## Work to complete
Could you give back exactly the lines below from the one with "City Car Branding" through the one with "Liz Katz Slave", without a single picture?

## Dataset records

::::::::::

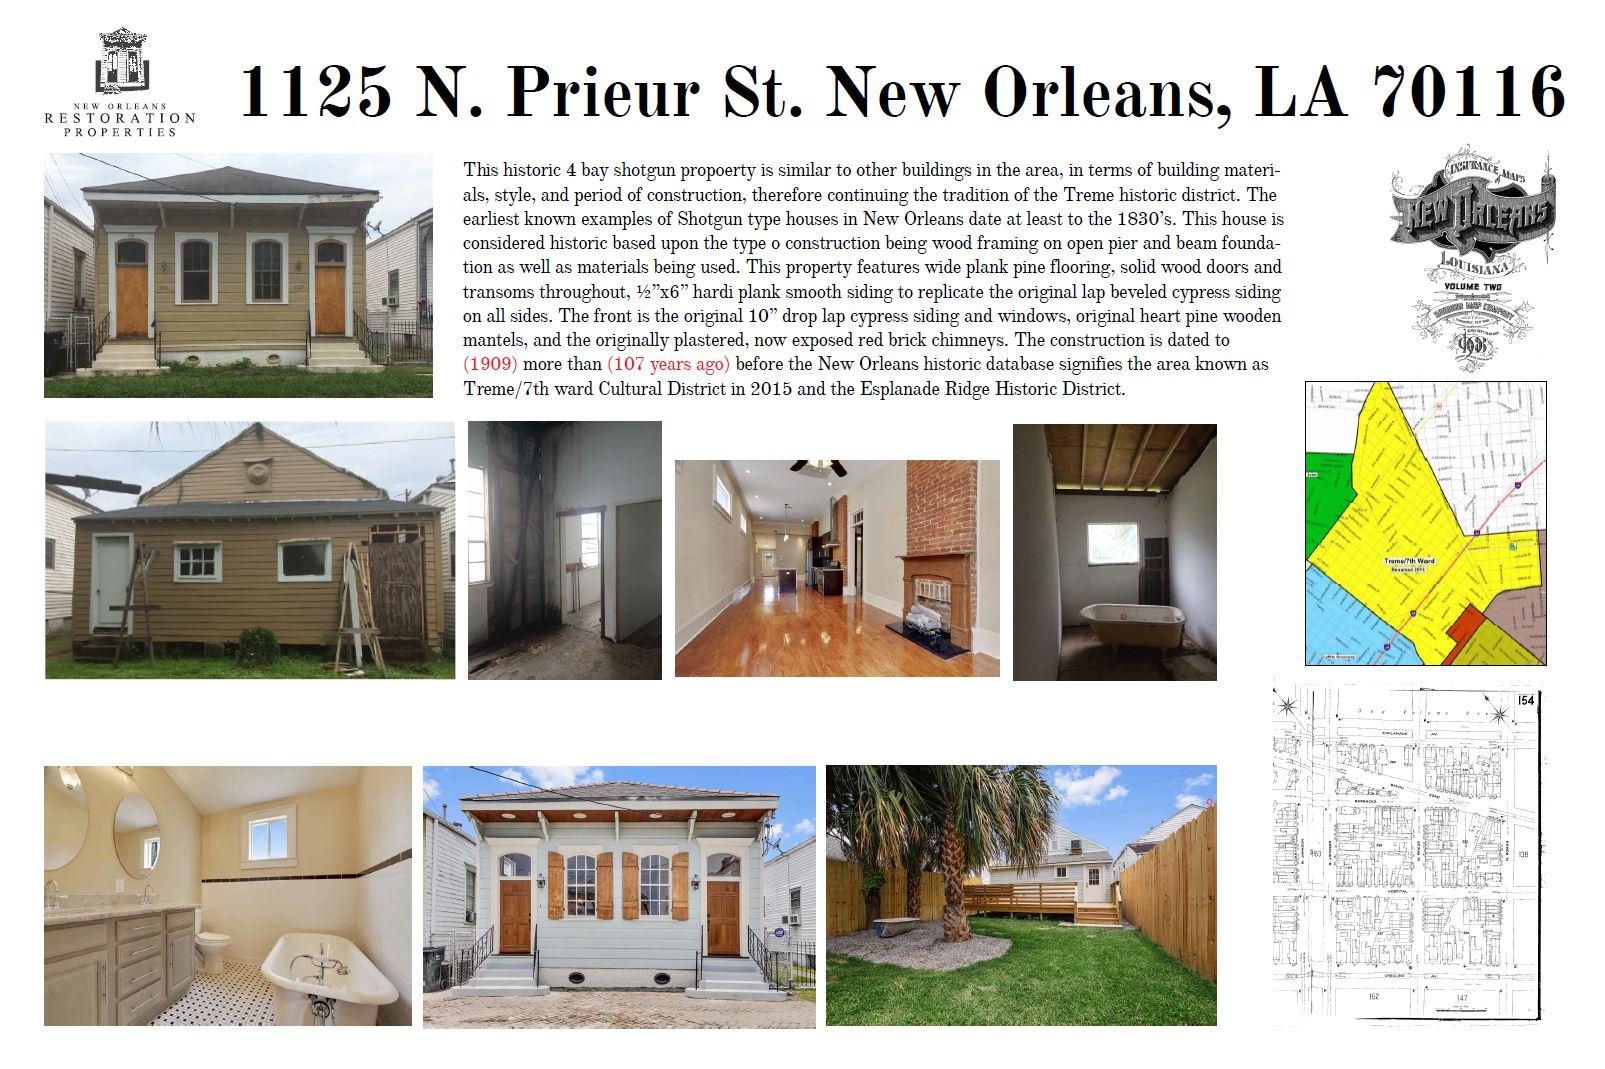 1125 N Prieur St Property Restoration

::::::::::

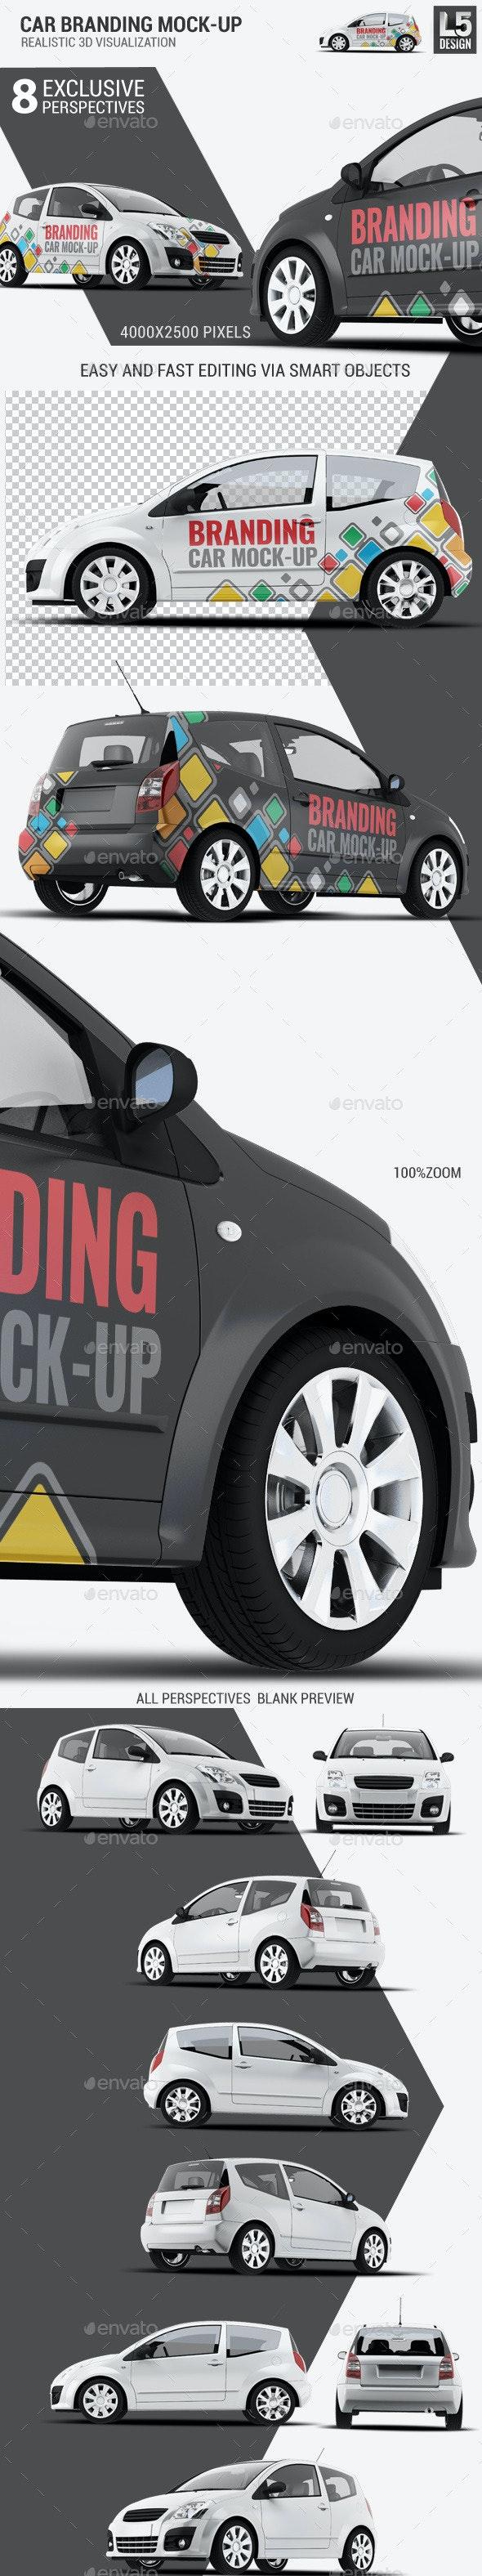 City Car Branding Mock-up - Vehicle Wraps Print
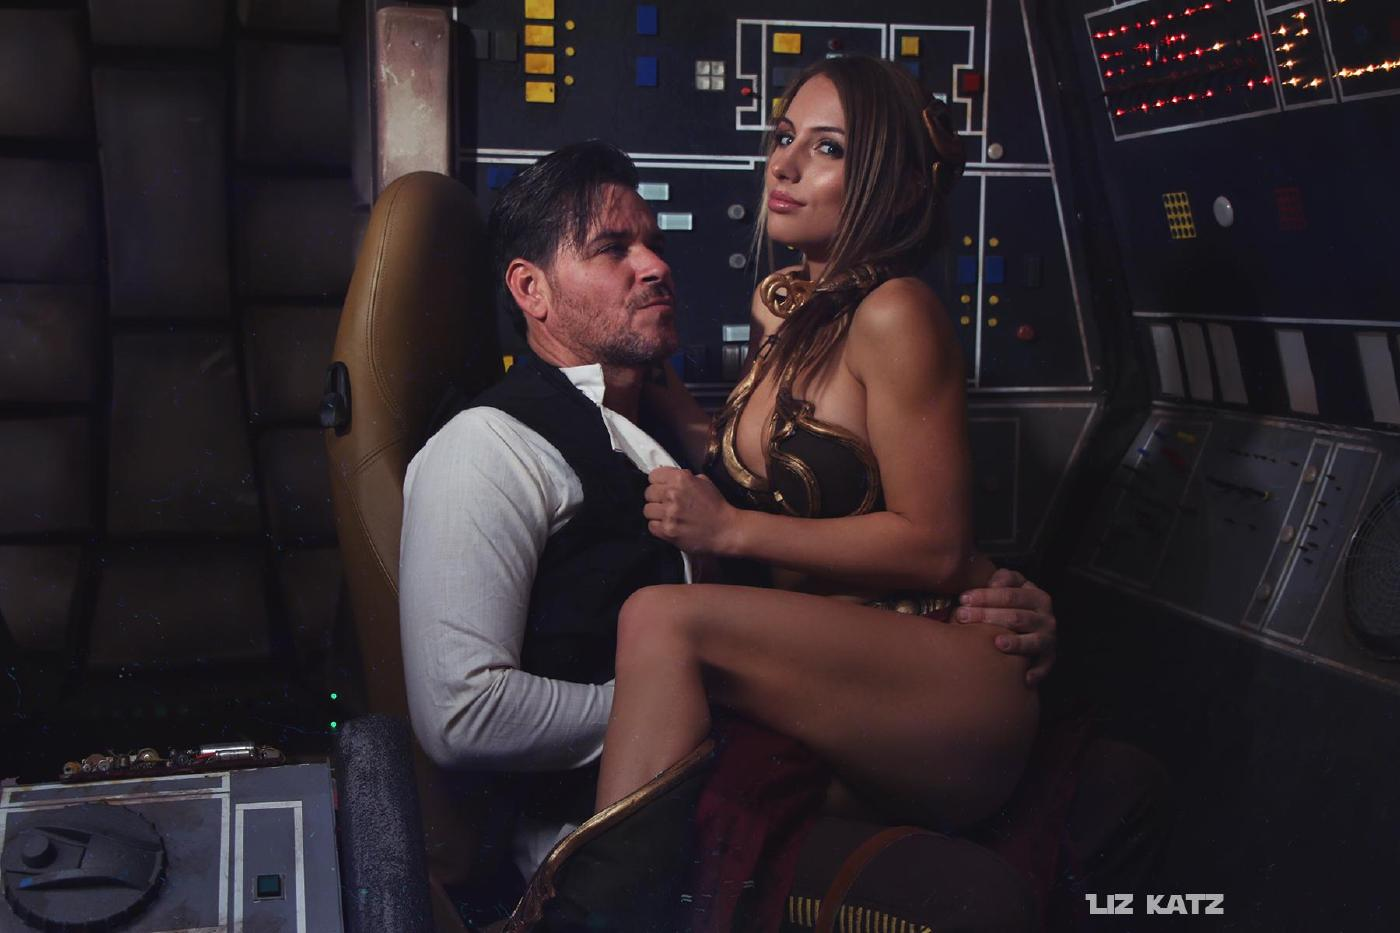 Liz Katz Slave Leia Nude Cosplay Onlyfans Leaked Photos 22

::::::::::

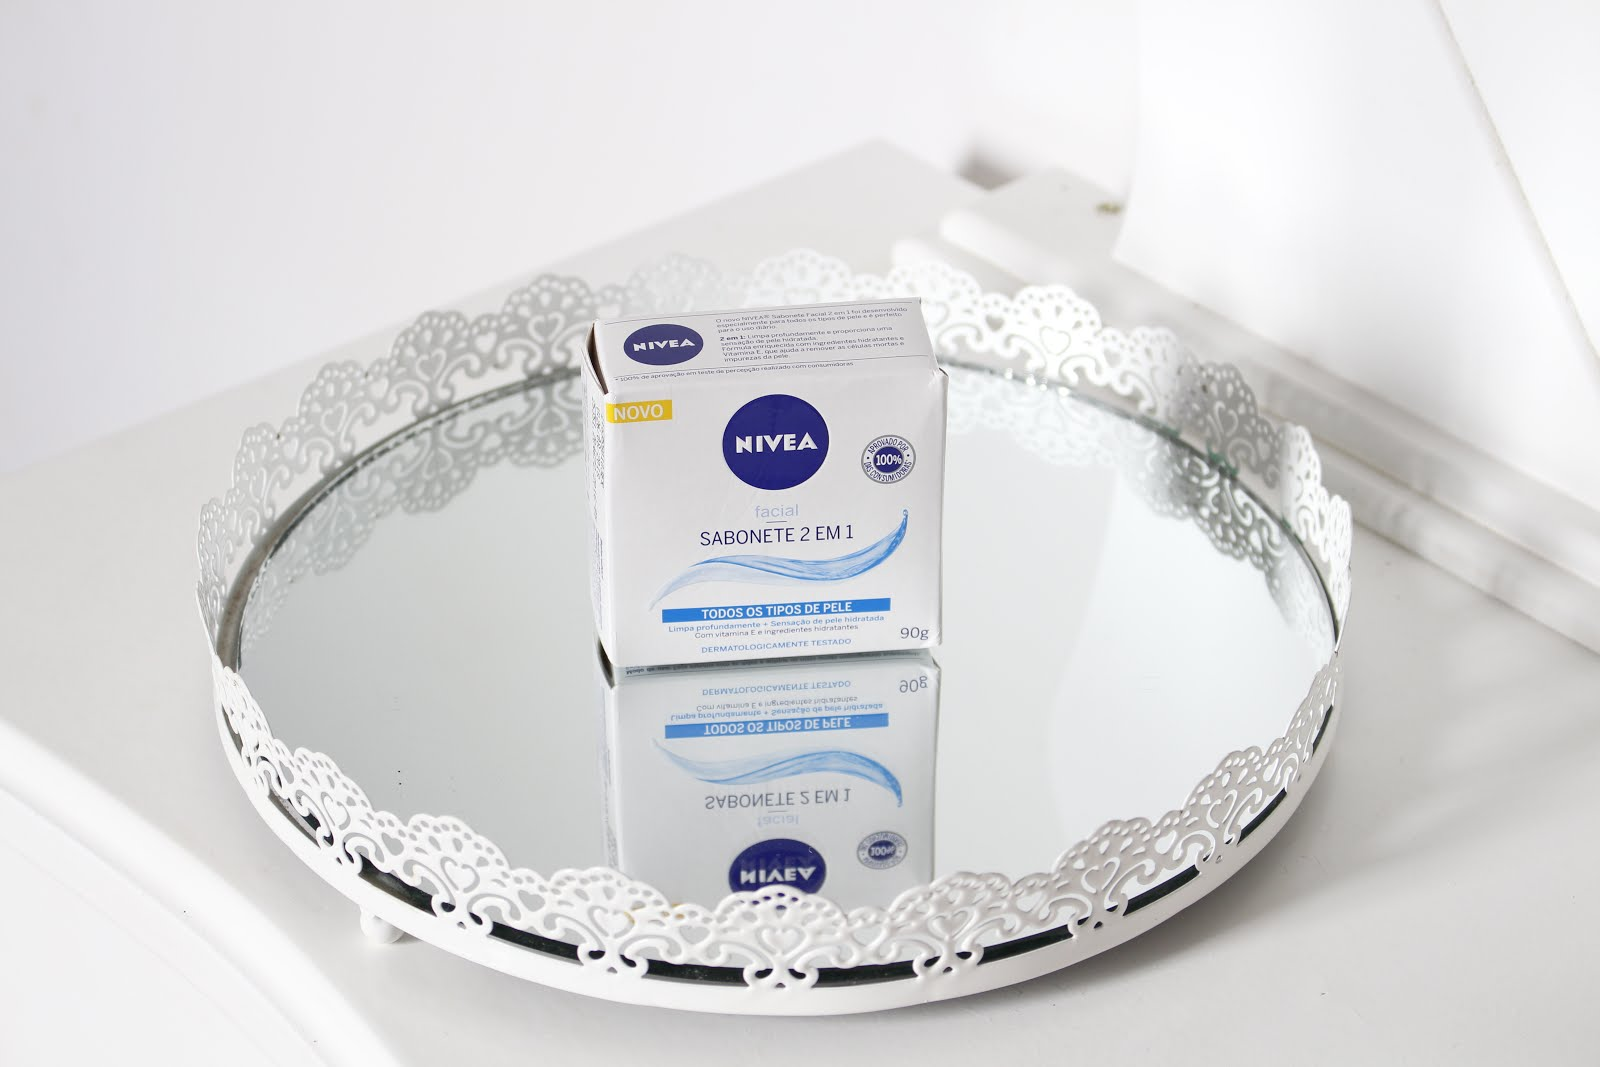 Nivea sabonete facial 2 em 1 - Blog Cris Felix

::::::::::

## Exercise result
 City Car Branding Mock-up - Vehicle Wraps Print
 Liz Katz Slave Leia Nude Cosplay Onlyfans Leaked Photos 22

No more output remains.